(Information supplied):

---

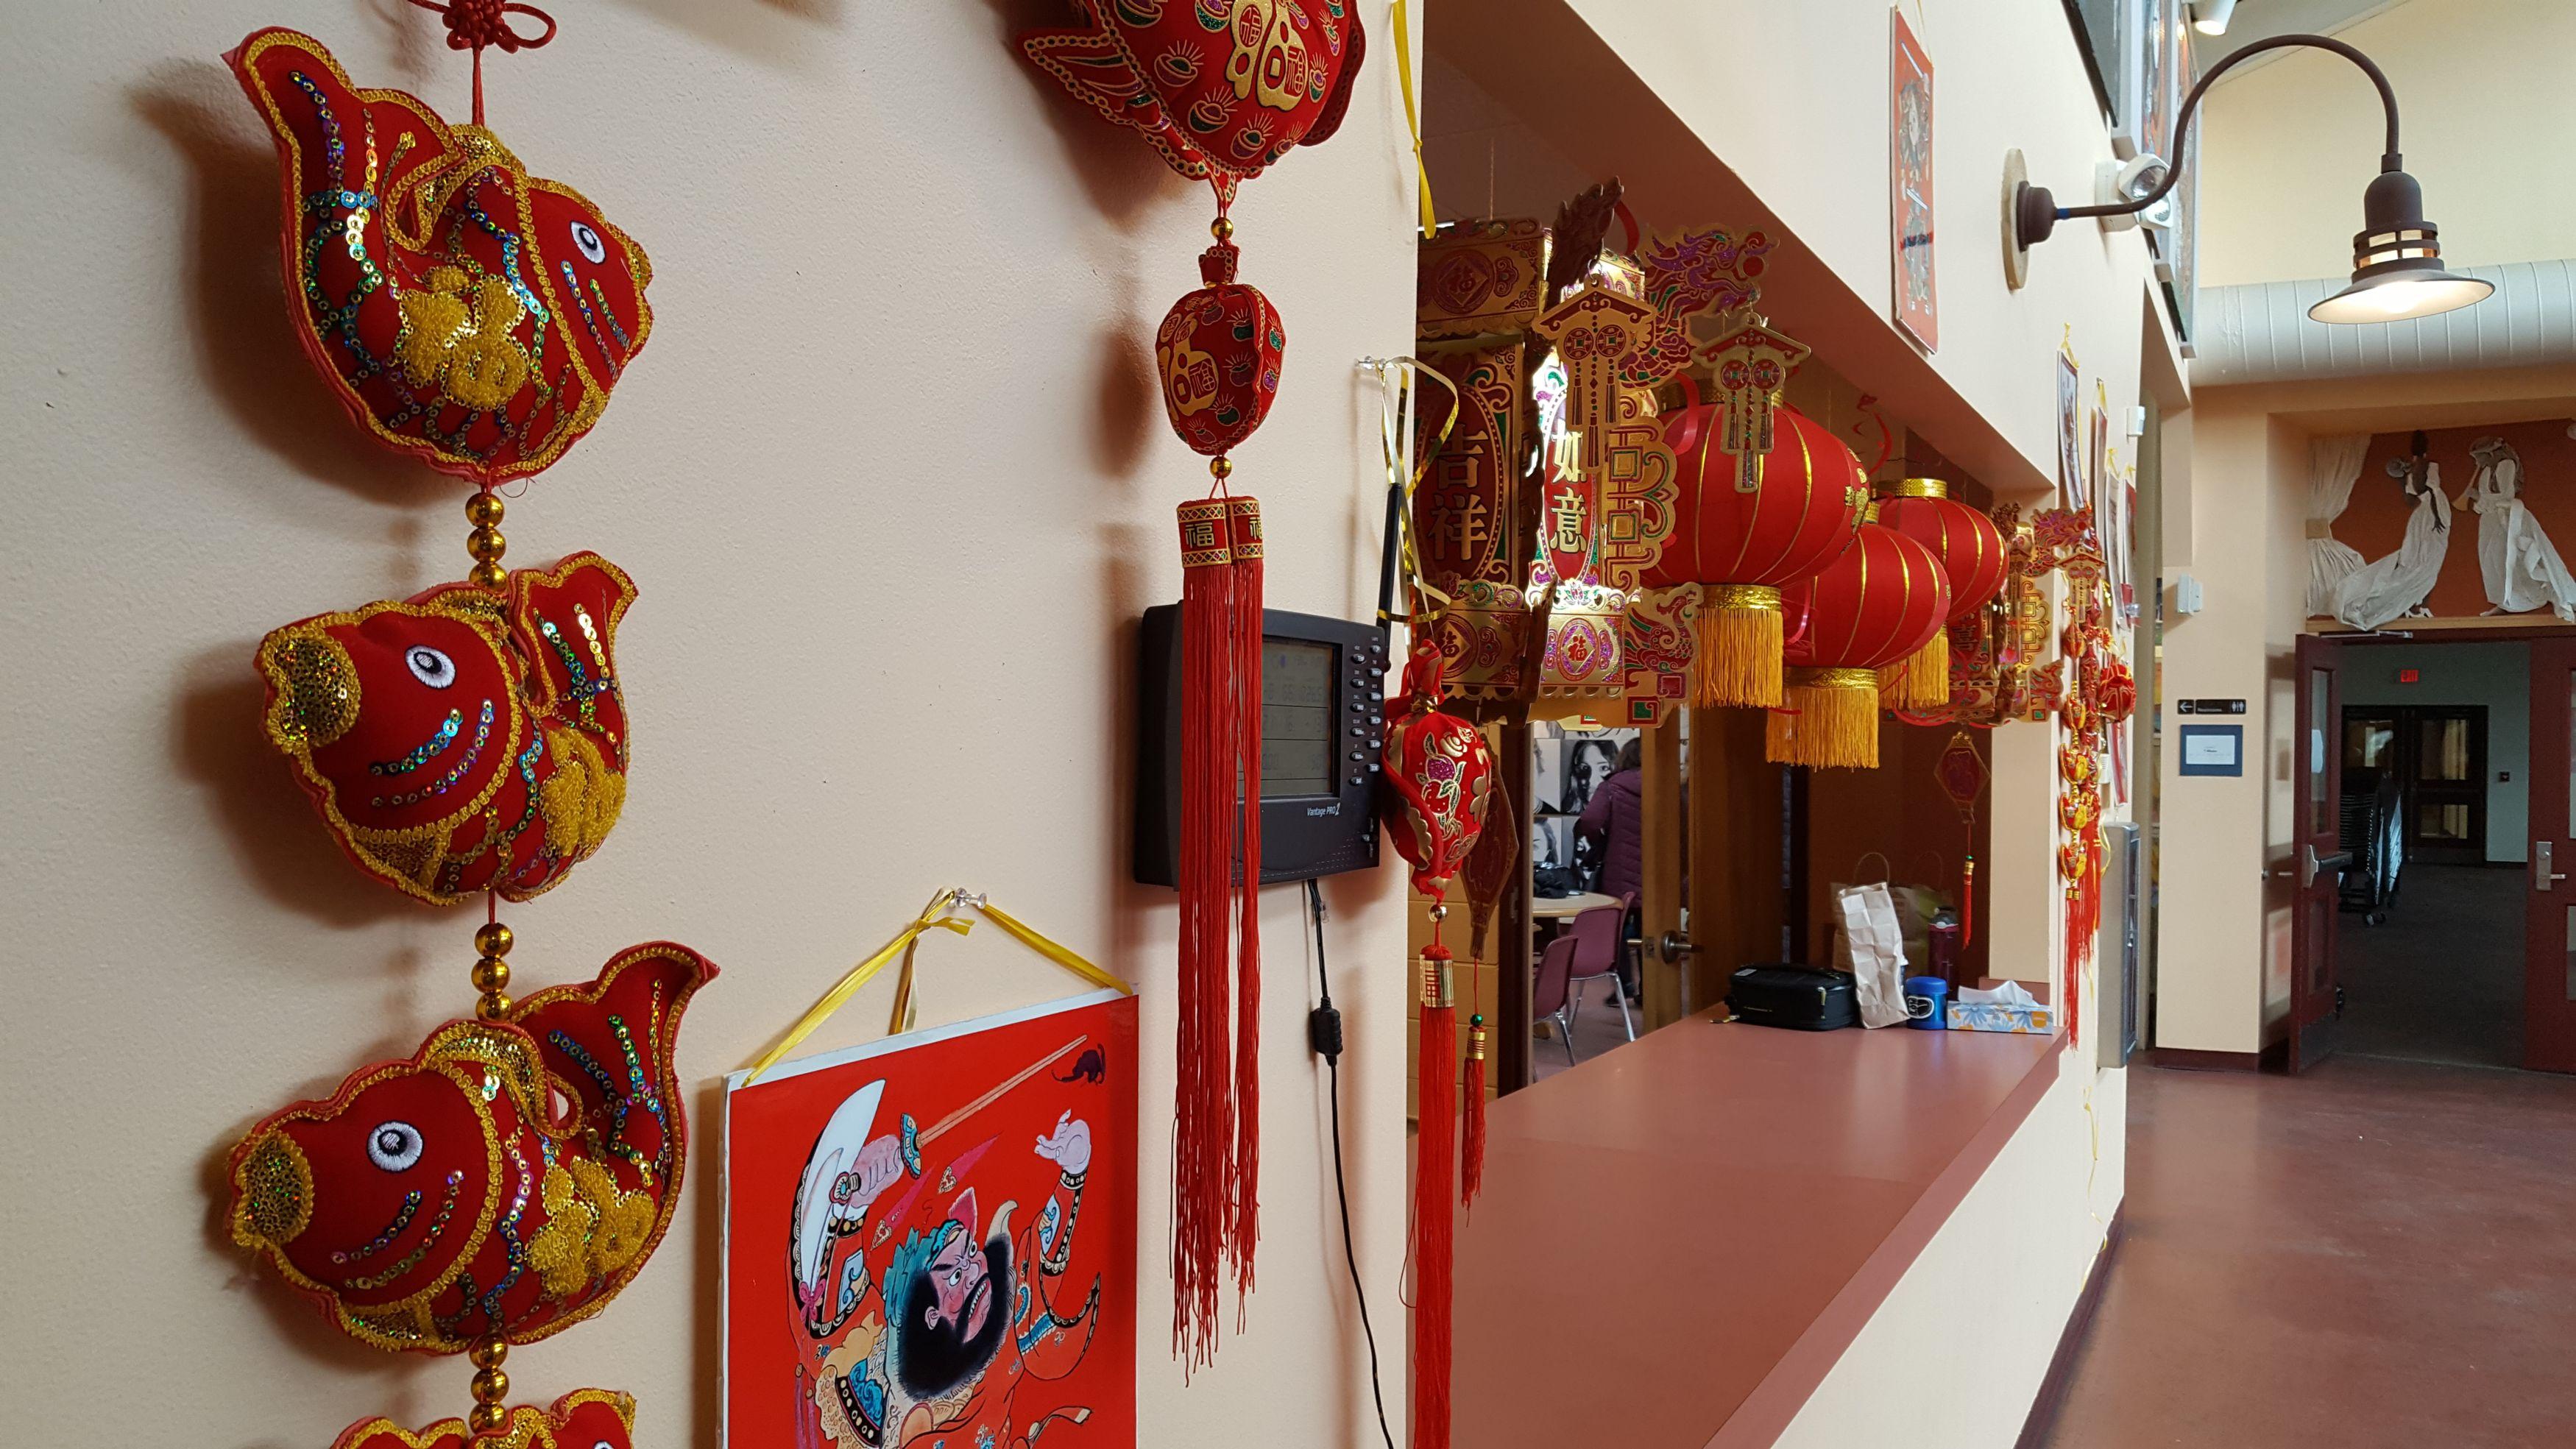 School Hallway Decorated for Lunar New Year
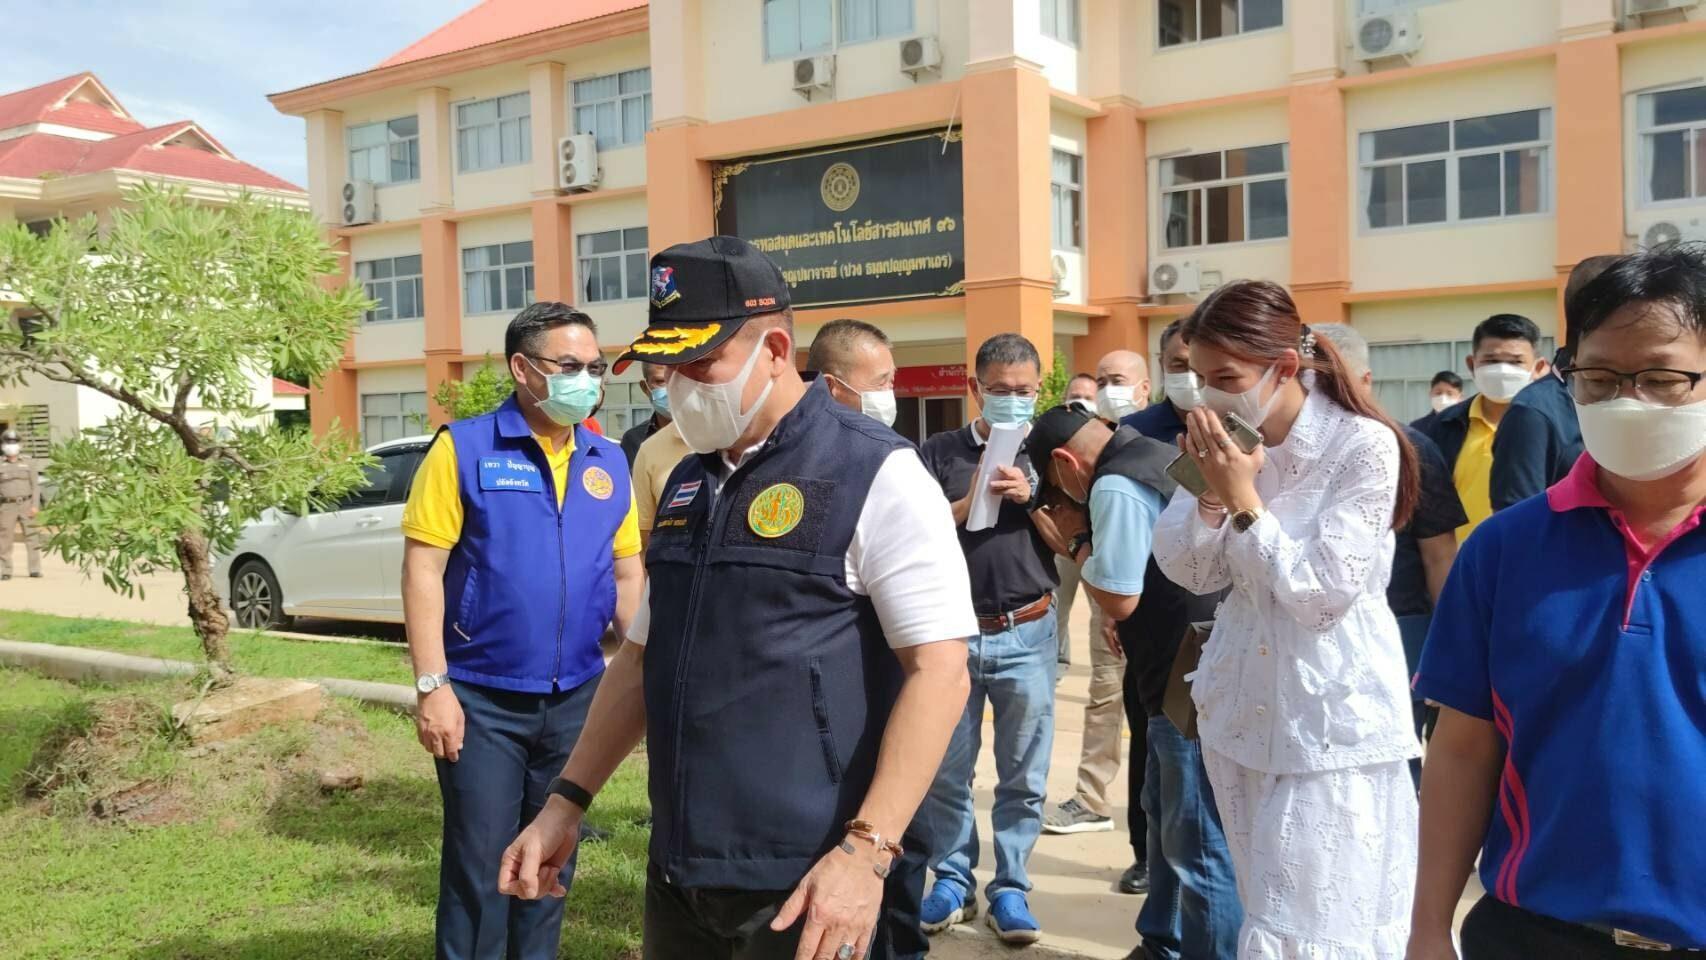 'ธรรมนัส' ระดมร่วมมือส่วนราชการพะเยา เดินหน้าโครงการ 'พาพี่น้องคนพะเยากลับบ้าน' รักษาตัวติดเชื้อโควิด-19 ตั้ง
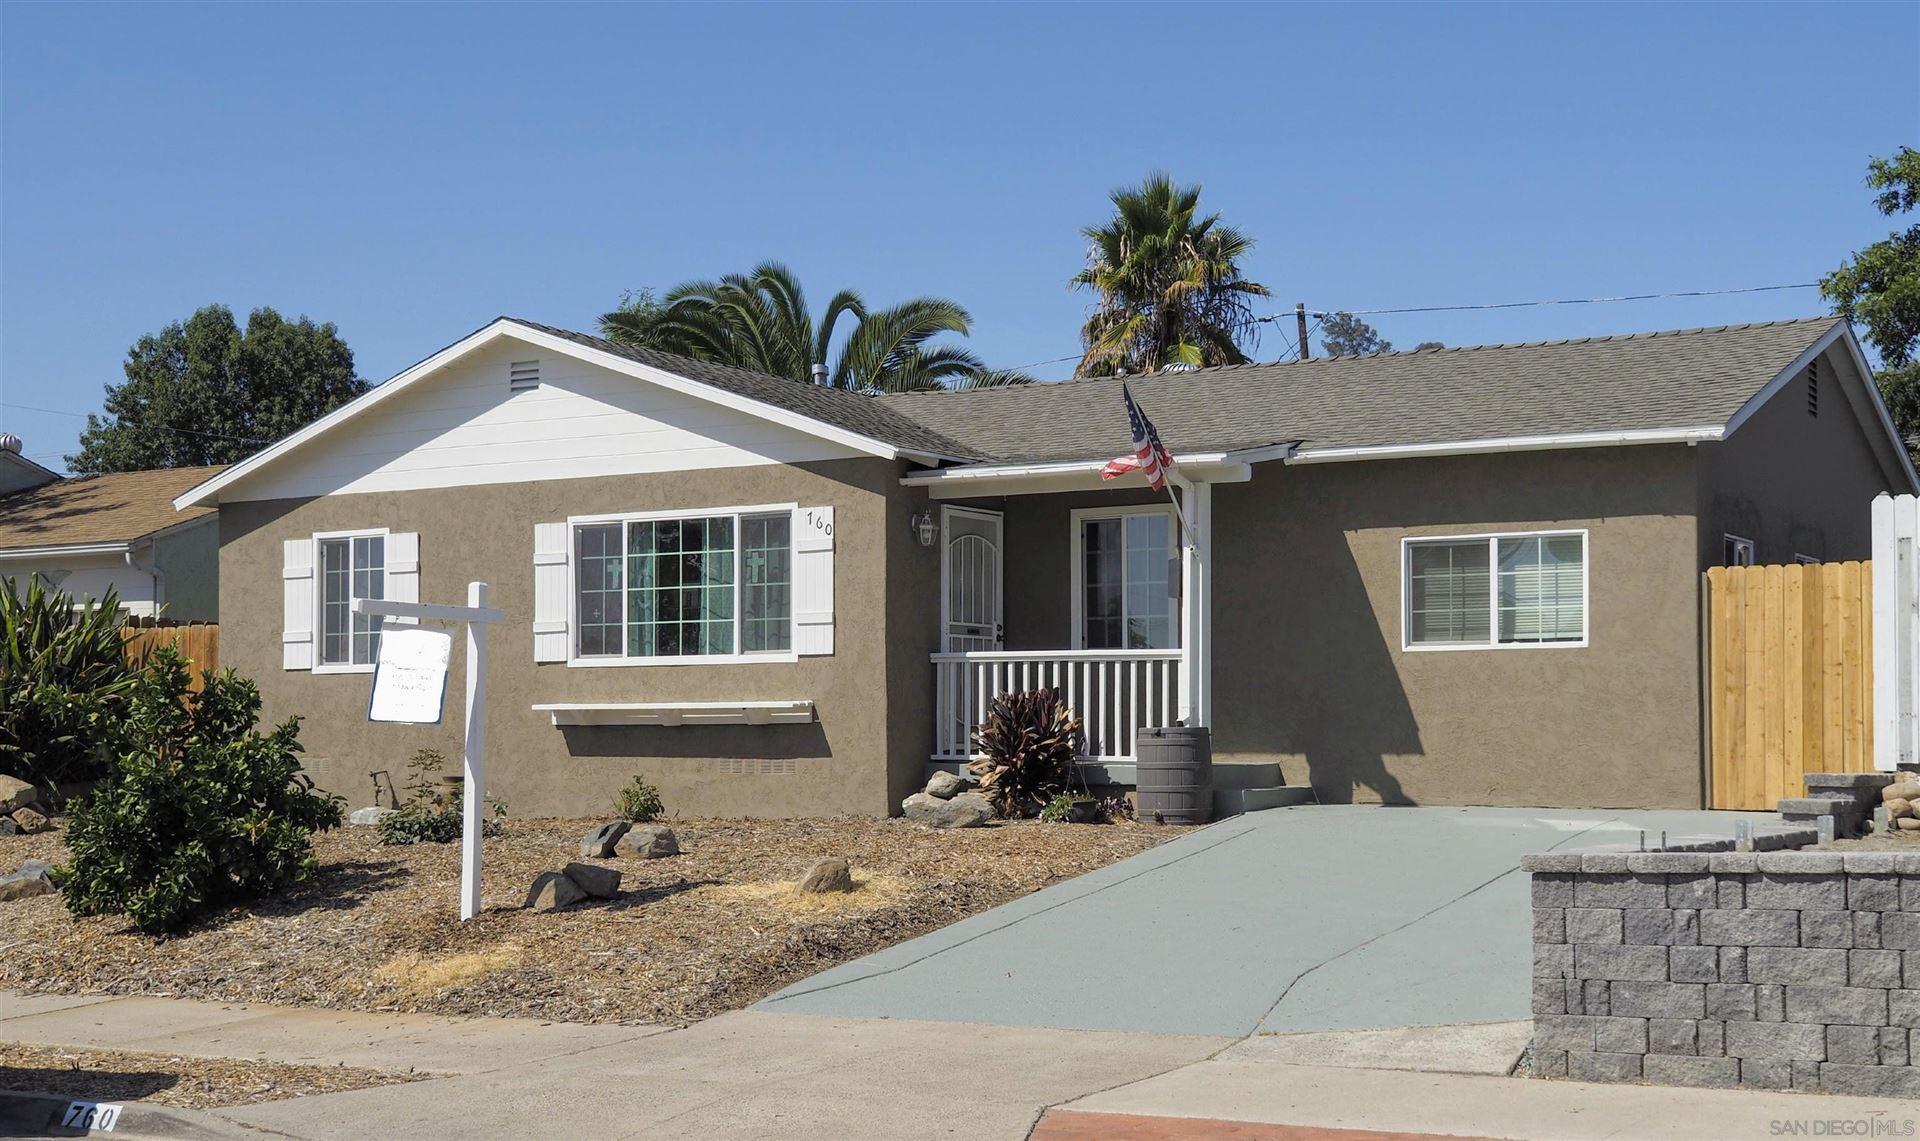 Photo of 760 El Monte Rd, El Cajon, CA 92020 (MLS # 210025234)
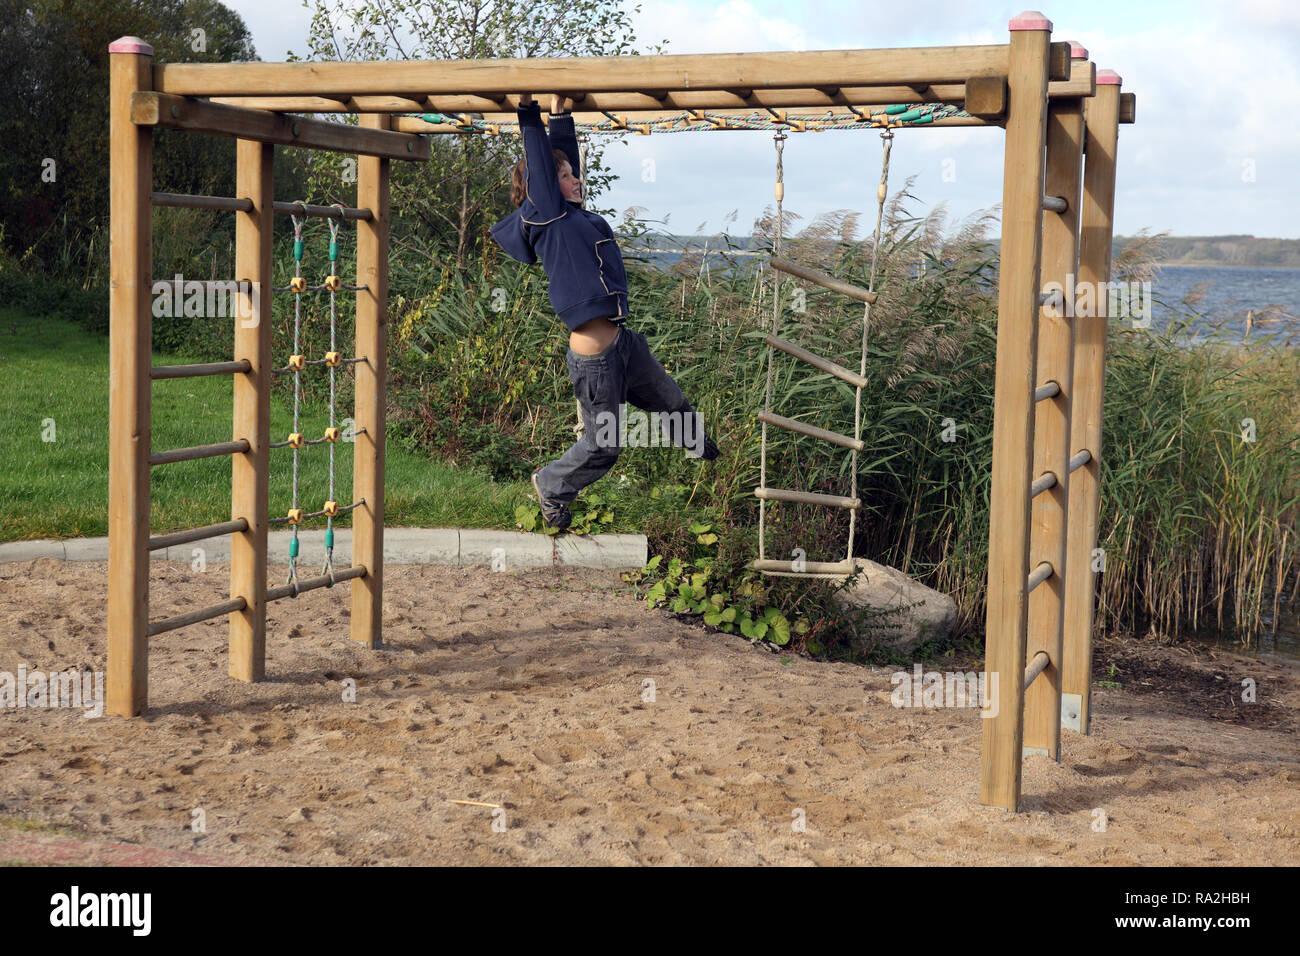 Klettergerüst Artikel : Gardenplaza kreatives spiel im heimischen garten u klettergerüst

---

(Assigned task):
All that the answer may contain is the exact text of the lines from the one with "Photo of 760" through the last line of the material, pictures excluded.

(Answer for this exercise):
 Photo of 760 El Monte Rd, El Cajon, CA 92020 (MLS # 210025234)
 Klettergerüst Artikel : Gardenplaza kreatives spiel im heimischen garten u klettergerüst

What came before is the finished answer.